Pero el momento había pasado. Le sonó el teléfono en el bolsillo y Jenny la soltó y desapareció de la cocina.

Era Fred Olsson.

—El teléfono de Sol-Britt Uusitalo —dijo sin rodeos.

Parecía que tuviera comida en la boca.

—Lo he repasado. También he recuperado sus sms borrados. Creo que te gustará verlos.

La ciudad era como una silueta negra contra un cielo gris grafito, con las imponentes terrazas grises de la montaña de la mina, el campanario del ayuntamiento que parecía un esqueleto y la iglesia de tres lados, una cabaña lapona de las alturas.

Llamaron a la puerta en casa de Krister Eriksson.

—Maja Larsson —dijo la mujer alargando la mano.

Krister se la estrechó.

—Soy la prima de Sol-Britt Uusitalo —aclaró—. Venía a buscar a Marcus.

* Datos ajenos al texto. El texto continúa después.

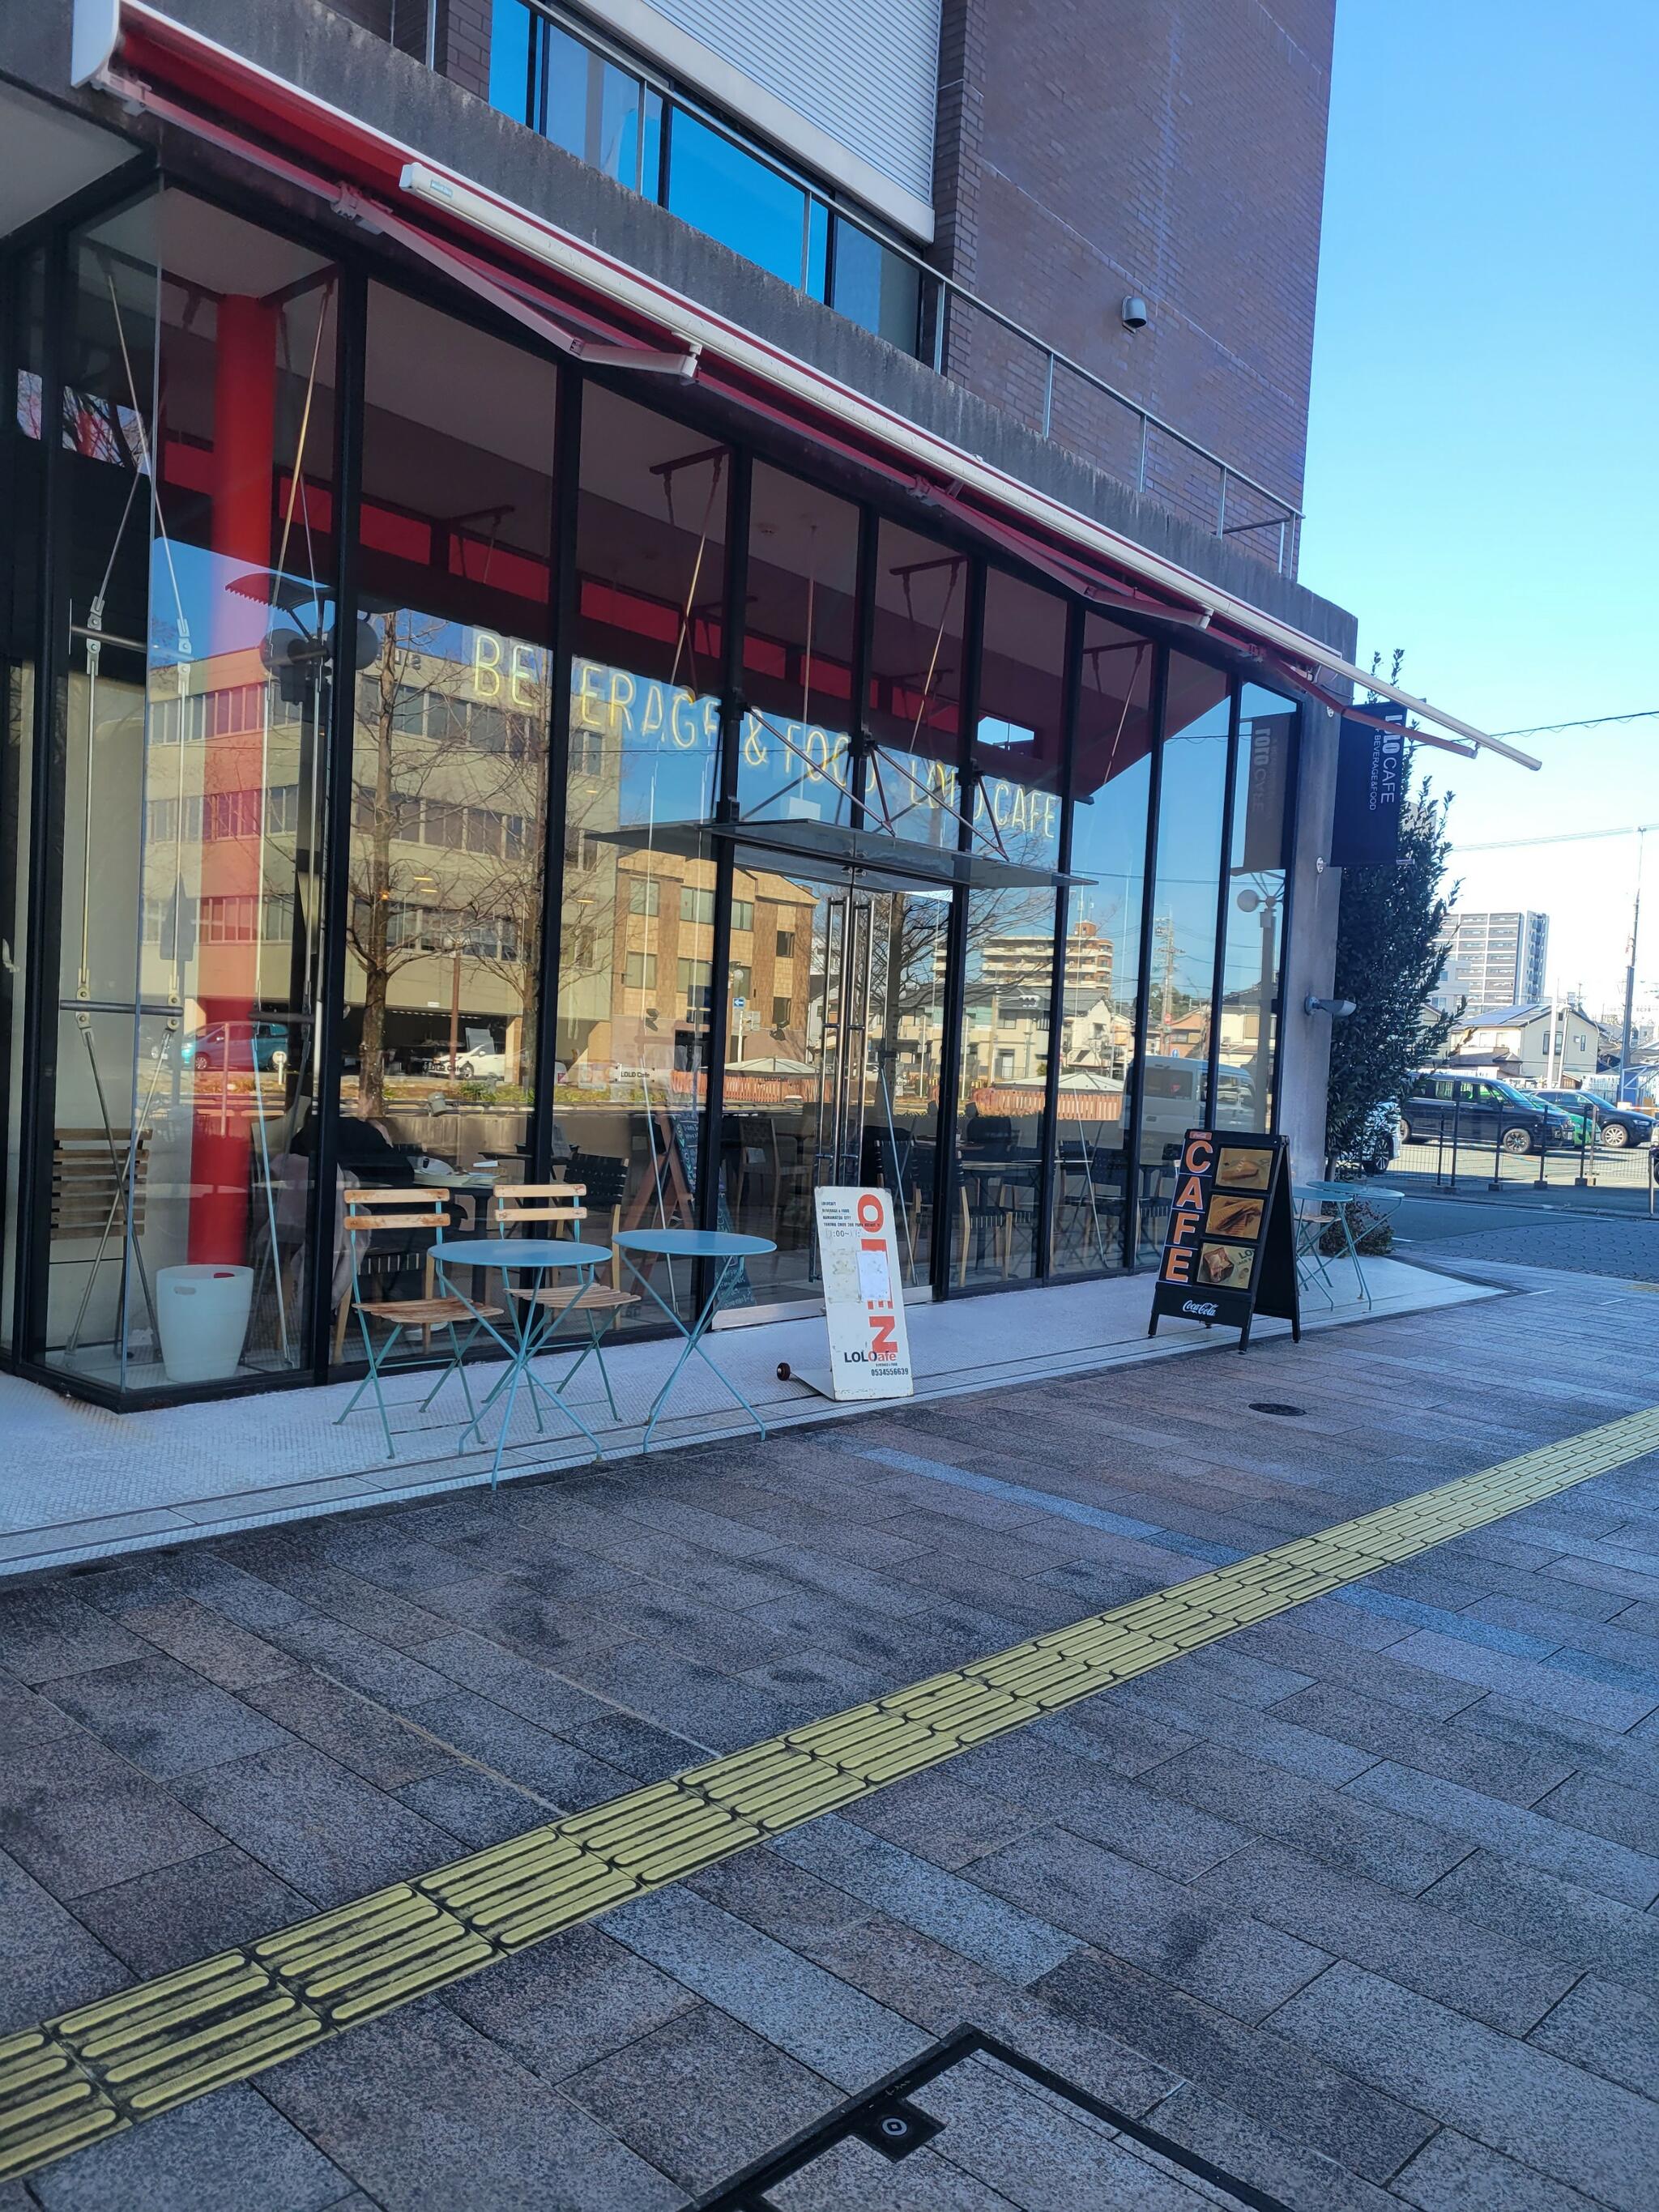 LOLO Cafe (ロロカフェ)の代表写真10

Era guapa. De unos sesenta, adivinó. El pelo recogido en mil trenzas de plata.

Se dio cuenta de que no reaccionaba ante su aspecto. Algunas personas se quedaban mirándolo fijamente a los ojos mientras hablaban para que su mirada no se posara en su piel quemada o en sus orejas en forma de mejillón. Cuando apartaba la vista o estaba ocupado con alguna otra cosa, no podían quitarle los ojos de encima.

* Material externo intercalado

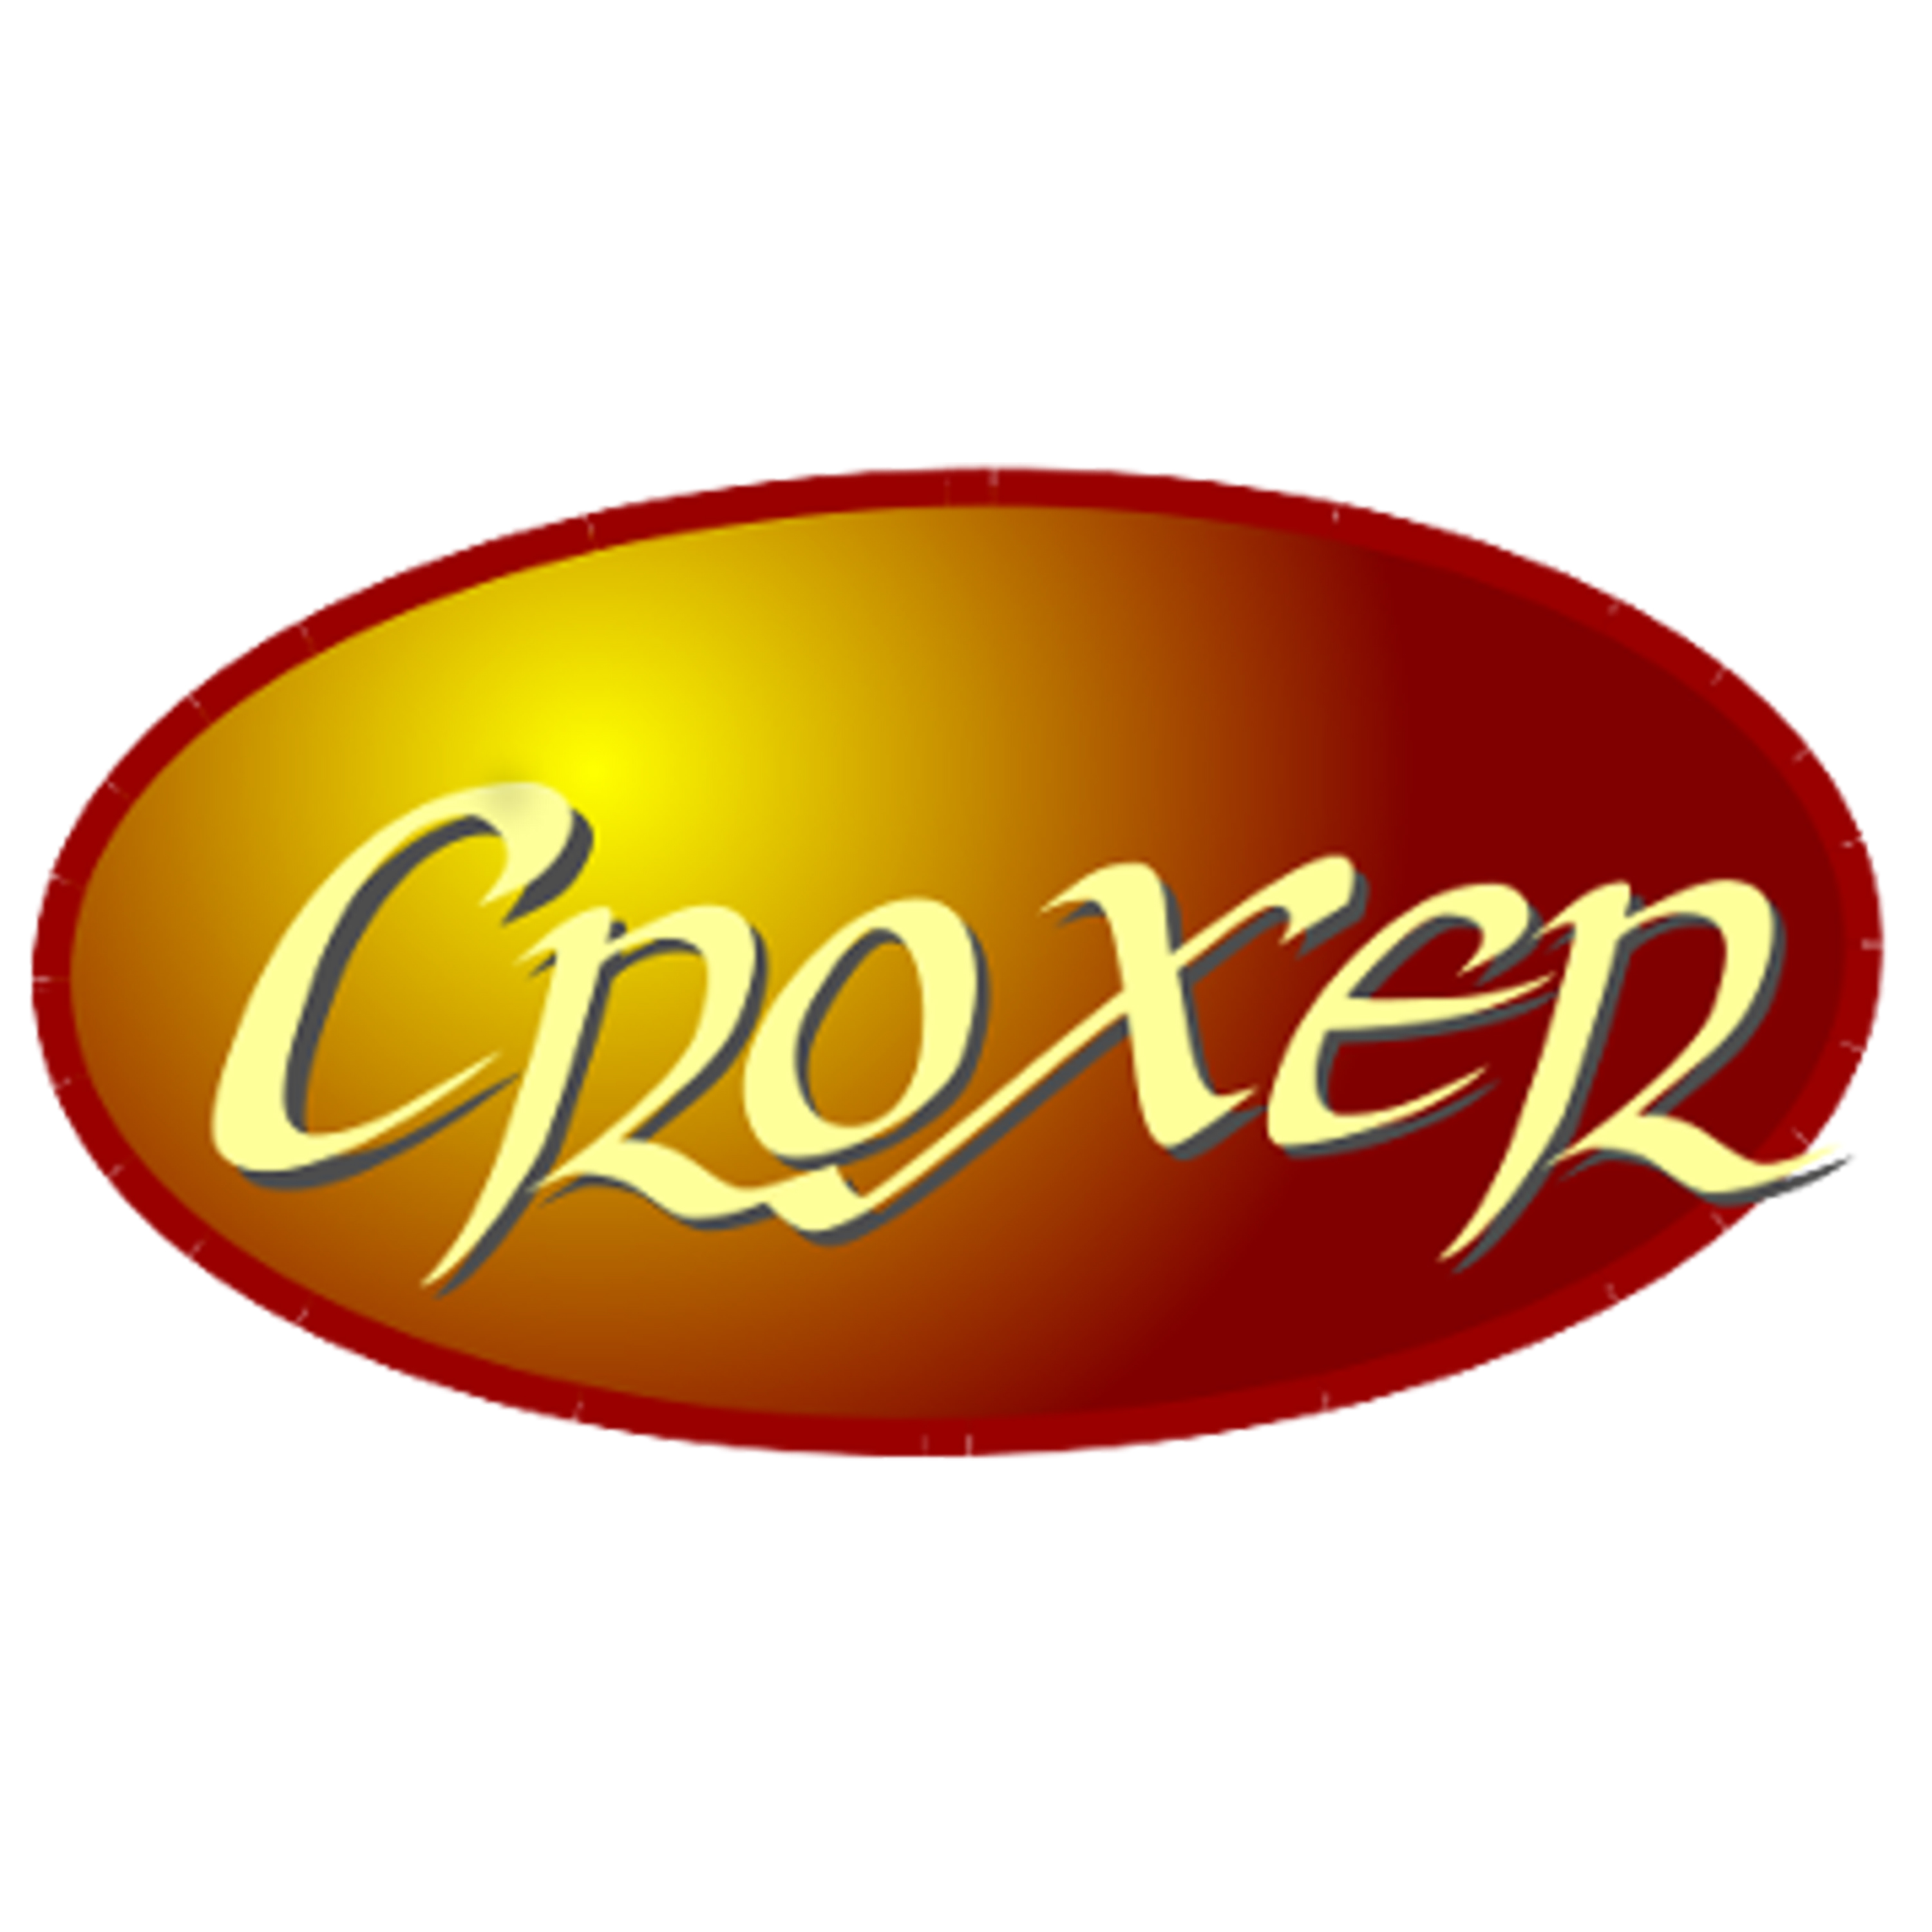 Croxer Brauerei

En Maja Larsson no observó nada de eso. Lo miraba como su hermana o la gente que lo conocía tanto que había olvidado que tenía un aspecto diferente.

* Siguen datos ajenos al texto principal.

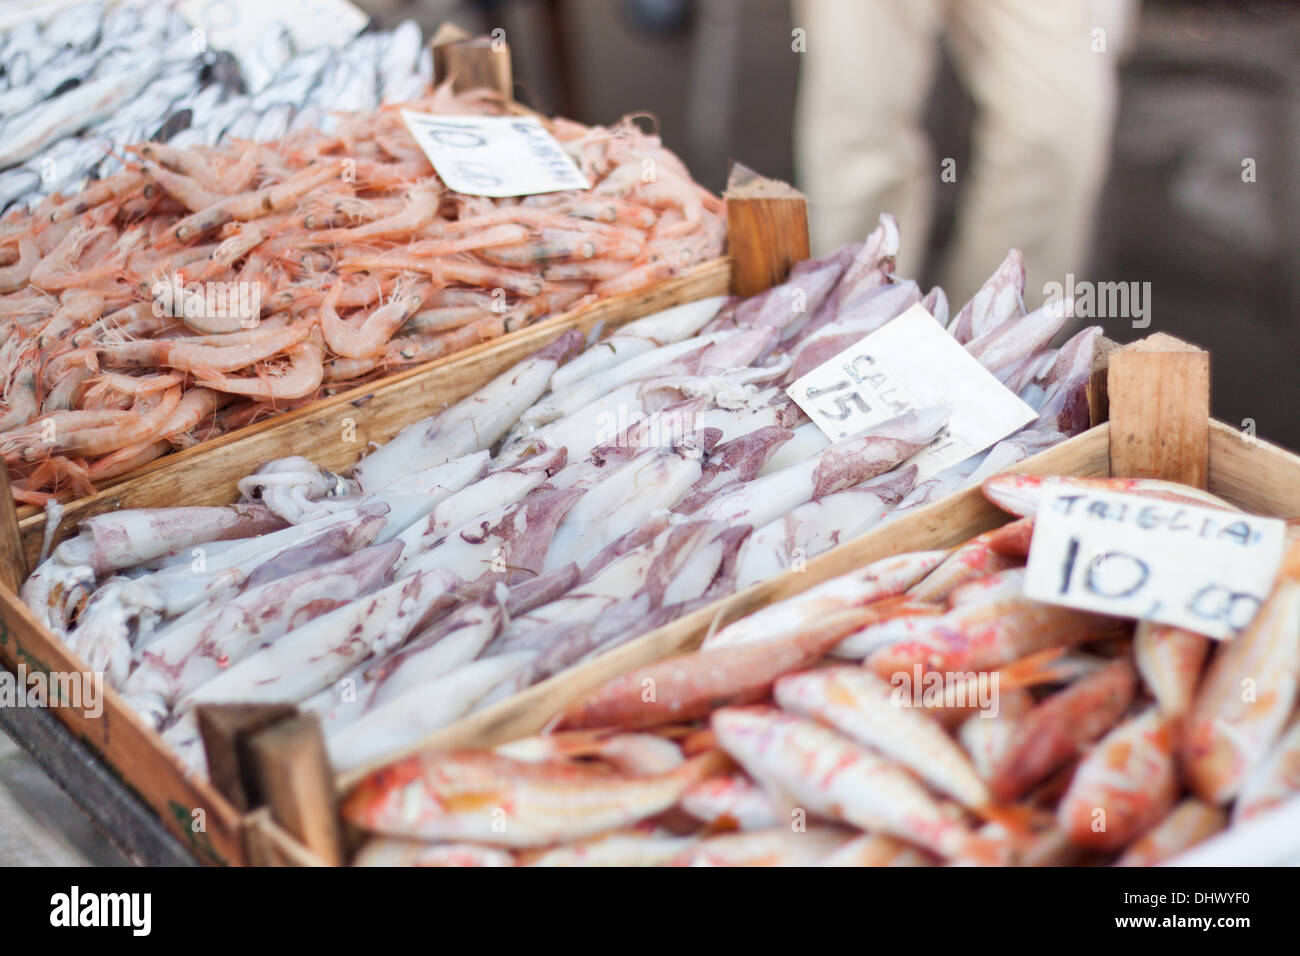 fresh fish box container market 'mullet fish' seafood calamari shrimps Stock Photo

—¿Quieres comer? —preguntó cuando llegaron a la cocina—. Todavía queda algo y te lo puedo calentar en el micro.

Aceptó y comió. Parecía cansada. Por un momento, Krister creyó que se iba a quedar dormida en la mesa de la cocina. Parpadeaba despacio, como los niños.

—He oído que tu madre está enferma —dijo él—. Puedo hacerme cargo de Marcus si quieres.

Lo miró con agradecimiento.

—A lo mejor podríamos compartirlo un poco —propuso ella.

Después de comer fueron juntos hasta la caseta del perro. Estaba oscuro pero Marcus se había agenciado mantas, una linterna y tebeos. Vera también estaba dentro. Cuando Krister le pidió que saliera obtuvo como respuesta un intenso ladrido y no era de Vera.

—Es un perro salvaje —explicó Krister.

—¿Es peligroso?

—No, creo que es bueno.

Por mucho que lo intentaron no consiguieron que el perrito salvaje saliera fuera. Gruñó y aulló como respuesta a sus ofrecimientos.

—Es que no me conoce —dijo Maja en voz baja—. Seguramente aquí se siente seguro. Quizá viera cuando Sol-Britt…

—Se puede quedar —susurró Krister.

—¿Seguro? Gracias.

Maja dijo en voz alta:

—Aunque sea bueno creo que no me atrevo a llevarme a ese perrito salvaje conmigo. Quizá podría venir mañana y jugar un poco con él.

—¿Qué dices tú, perrito salvaje? —preguntó Krister. ¿Te parece bien?

—¡Guau! —se oyó desde dentro de la caseta.

Maja dio las gracias por la cena y él respondió que no había nada que agradecer, que había sobrado porque Rebecka no había comido mucho.

Ella le sonrió brevemente.

«Una de esas personas que saben leer a la gente —pensó él cuando la mujer se hubo ido. Se sintió un poco descubierto—. Se habrá dado cuenta de que quería explicarle que Rebecka ha estado aquí».